The Supreme Court of Canada has ruled that a decision by an Edmonton judge in a sexual assault trial leaned on stereotypes of how sexual assault victims should act.
Canada’s highest court agrees with the Alberta Court of Appeal that a new trial should be ordered.
The accused is charged with one count of sexual assault and two counts of sexual interference involving his step-daughter. Both identities are protected under a publication ban. The allegations stem from incidents ranging from 2008 to 2014, when the step-daughter was between 11 and 16 years old.
The Supreme Court decision finds Justice Terry Clackson “judged the complainant’s credibility based solely on the correspondence between her behaviour and the expected behaviour of the stereotypical victim of sexual assault. This constituted an error of law.”
“To me, at least, it’s not ever,” said the victim’s mother, who also cannot be identified to protect the identity of her daughter.
“We have a fighting chance for justice. For me, specifically, it is feeling vindicated I guess.”
The victim, who is now 19, said she has mixed feelings about the decision and what may transpire with a new trial.
The Alberta Court of Appeal ruled, two to one, in July to allow the Crown’s appeal.
In its decision, questions were raised about myths and stereotypes in relation to sexual assault victims.
“This appeal raises one issue: did the trial judge err by relying on an impermissible stereotype, or myth, about the behaviour of sexual assault victims in assessing the complainant’s credibility and ultimately acquitting the accused? …The answer is clear: he did,” the decision reads.
“This appeal represents an example of how deeply ingrained and seductive these myths and stereotypes can be…reliance on a stereotype to found an assessment of credibility bearing on reasonable doubt is impermissible-it is an error of law.”
The decision further reads that absence of a change of behaviour in a sexual assault victim is “logically irrelevant… because we know that all sexual assault victims behave differently.”
Clackson, in his original decision, said he did not believe the accused, however he had reasonable doubt.
“One would expect that a victim of sexual abuse would demonstrate behaviours consistent with that abuse or at least some change of behaviour such as avoiding the perpetrator,” Clackson’s decision reads.
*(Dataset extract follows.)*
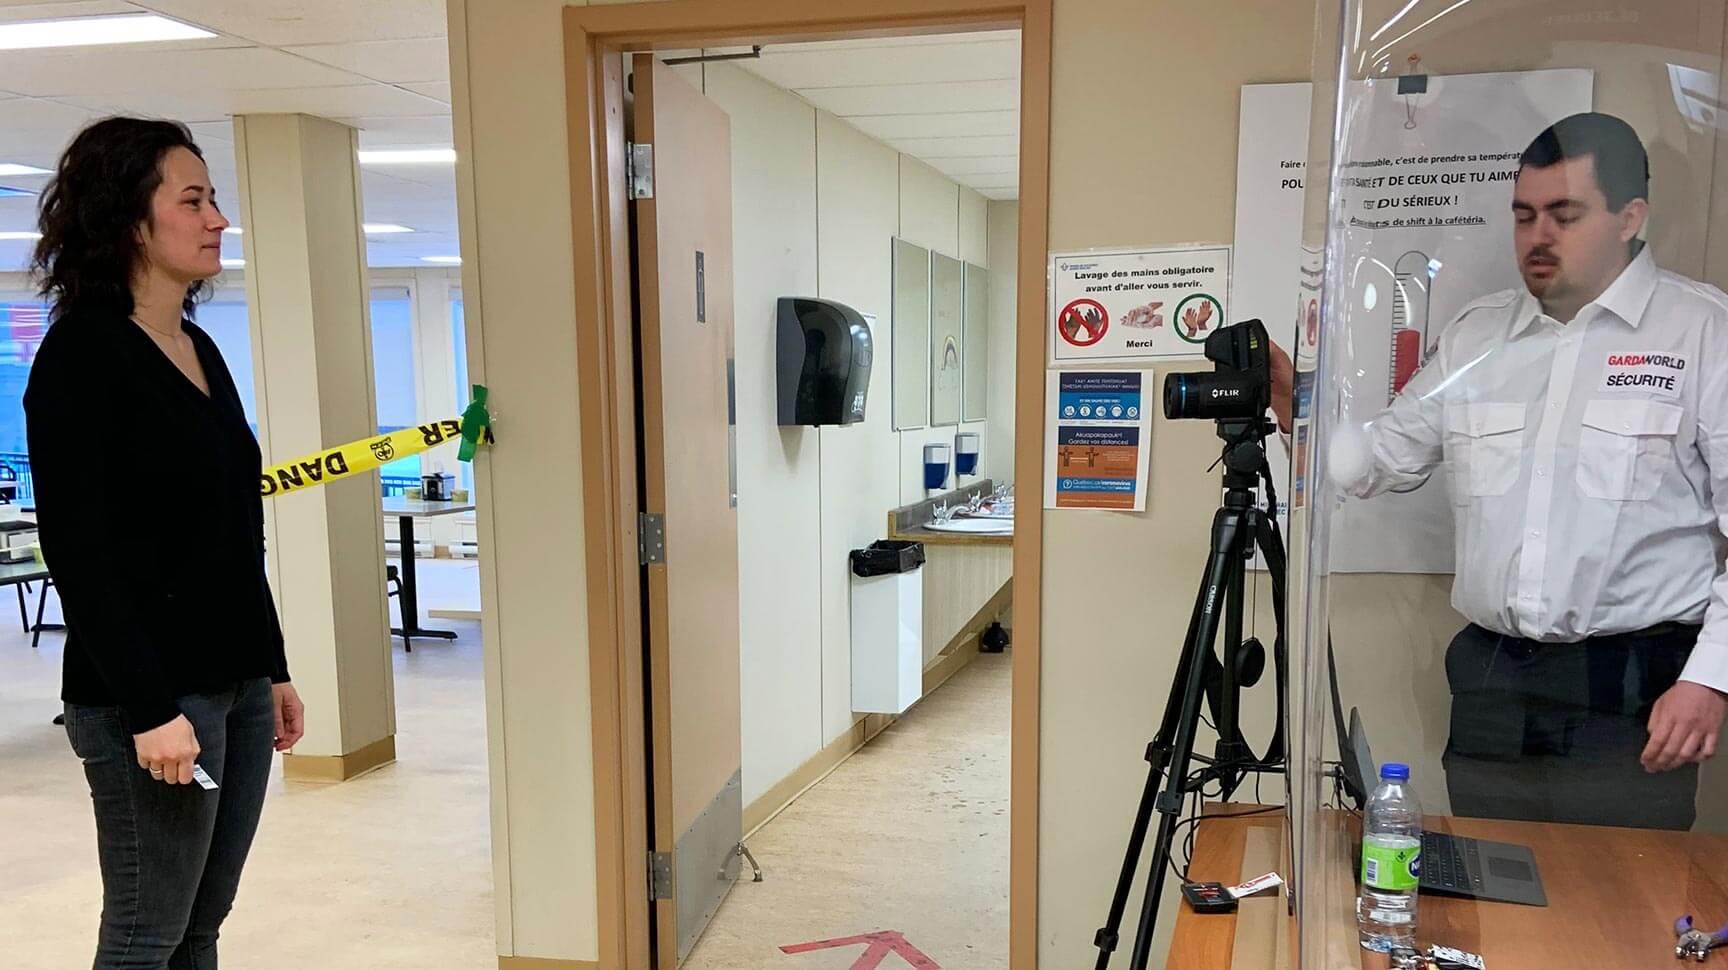 Utilisation d'une caméra thermique pour prendre la température desemployés.

“The evidence suggests that despite these alleged events, the relationship between the accused and the complainant was an otherwise normal parent/child relationship. That incongruity is significant enough to leave me in doubt about these allegations.”
The victim’s mother said she initially went through a period of self-blame after the allegations came to light but said she decided to put her faith in the justice system.
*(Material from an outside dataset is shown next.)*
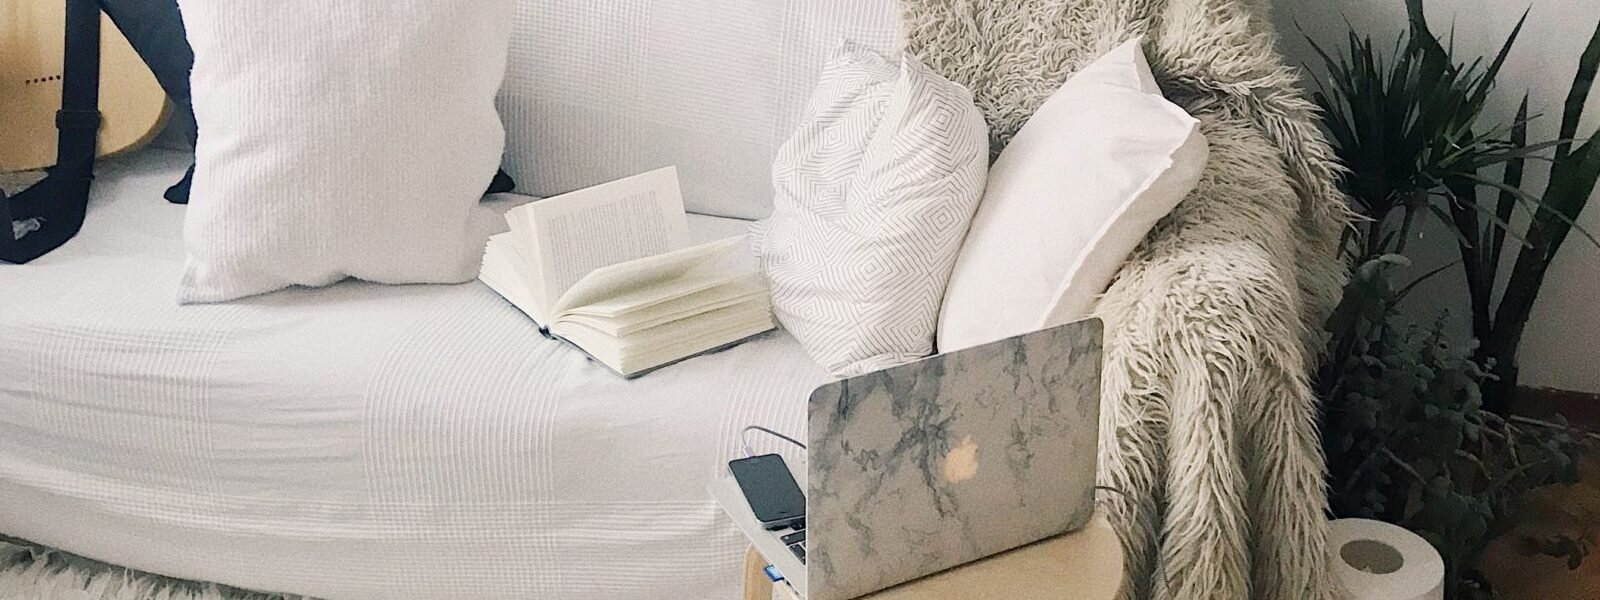 apartment-books-chair-698170-e1546536545401-1600x600.jpg

Clackson’s decision and the accused’s acquittal shook that faith.
“I just sat there quietly in disbelief. I wanted to scream out. How can you be doing this?” she said.
The mother said she continues to be shocked that expectations and stereotypes of sexual assault victims exist in the justice system.
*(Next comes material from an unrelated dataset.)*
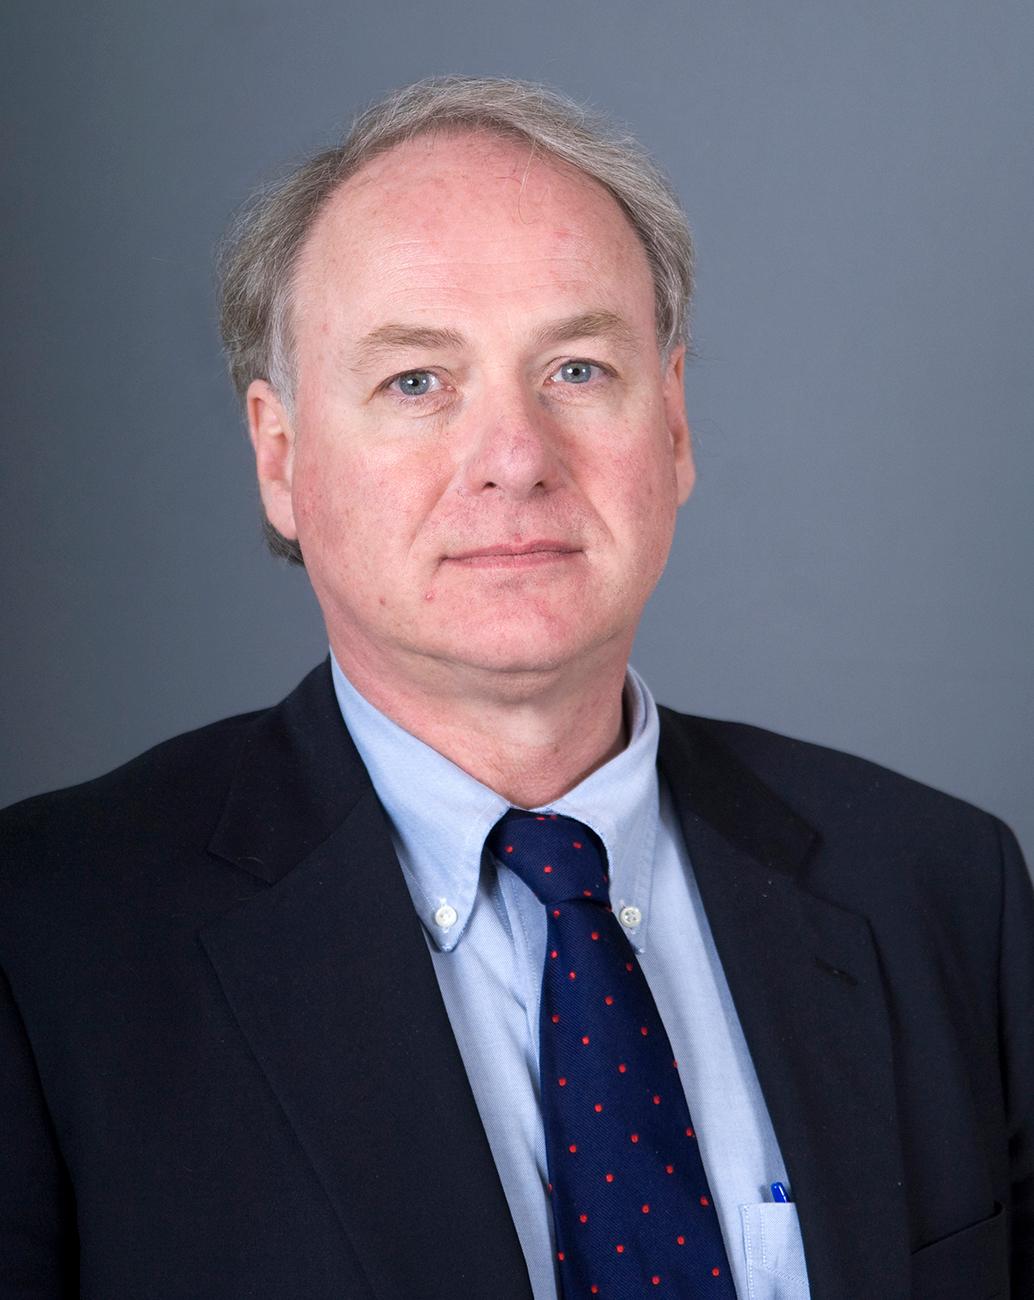 James H. Page, Chancellor

“It’s unbelievable a society has evolved so much in so many other areas but these stereotypes are still in the court systems after they’ve been proven time and time again no victims reacts or the inaction cannot be the same,” she said.
“Everybody says come forward, tell somebody, tell an adult. We did. We told people. We told police. We told a judge. I think the burden should be only whether they believe the events did or did not occur. How a person acted or did not act should be left out of the equation.”
Her daughter said the trial judge’s decision left her hurt.
“Not everyone reacts the same,” she said.
“That bothered me. I feel like we’ve grown as a society so it shouldn’t be so much of a thing to wrap your head around.”
In July 2016, an Alberta Queen’s Bench justice overturned a teen’s sexual assault acquittal, stating the trial judge resorted to stereotypical reasoning. In that case, the trial judge rejected almost all of the young girl’s evidence and found her actions to be inconsistent with non-consensual sexual touching.
In 2014, court transcripts showed former judge Robin Camp called a sexual assault complainant “the accused” numerous times and asked her why she didn’t resist by keeping her knees together. Both incidents sparked outcry over how judges deal with and respond to sexual assault trials.
The mother said she wants more sexual assault survivors to work in the court system to help educate others; the opinion is seconded by her daughter who said judges need to be more open-minded when dealing with these types of cases.
The mother is not sure how the next trial will take shape and admits to having little faith in the justice system now, but she said the family will ensure it.
“I feel like it’s our duty to try and protect the next victim,” she said.
Despite the hurdles the family faced and the fact the case went all the way to the Supreme Court, the daughter said it is imperative for people to speak up if they are victims of sexual assault.
“Just… come forward. As awful as the process has been, it stopped the day I told my mom,” she said.
“Don’t let [the legal process] get you down. That’s all you can do, try to make sure this stops. It has to be fixed and stopped.”
A pre-trial conference for the accused is scheduled for June 22.